- [What to do]: Output exactly the lines from the line with "MBA考上之后要读多少年呢？" through the end of the records below. Include nothing else.

═══

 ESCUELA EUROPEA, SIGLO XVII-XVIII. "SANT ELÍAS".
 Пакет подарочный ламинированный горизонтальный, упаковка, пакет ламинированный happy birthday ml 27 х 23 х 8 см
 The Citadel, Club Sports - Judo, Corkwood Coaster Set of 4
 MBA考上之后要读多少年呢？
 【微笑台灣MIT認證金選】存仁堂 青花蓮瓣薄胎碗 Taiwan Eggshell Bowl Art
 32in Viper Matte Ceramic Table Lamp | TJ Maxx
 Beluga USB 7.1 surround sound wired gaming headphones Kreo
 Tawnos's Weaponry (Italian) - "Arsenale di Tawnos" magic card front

═══

- [Answer box]:
 MBA考上之后要读多少年呢？
 【微笑台灣MIT認證金選】存仁堂 青花蓮瓣薄胎碗 Taiwan Eggshell Bowl Art
 32in Viper Matte Ceramic Table Lamp | TJ Maxx
 Beluga USB 7.1 surround sound wired gaming headphones Kreo
 Tawnos's Weaponry (Italian) - "Arsenale di Tawnos" magic card front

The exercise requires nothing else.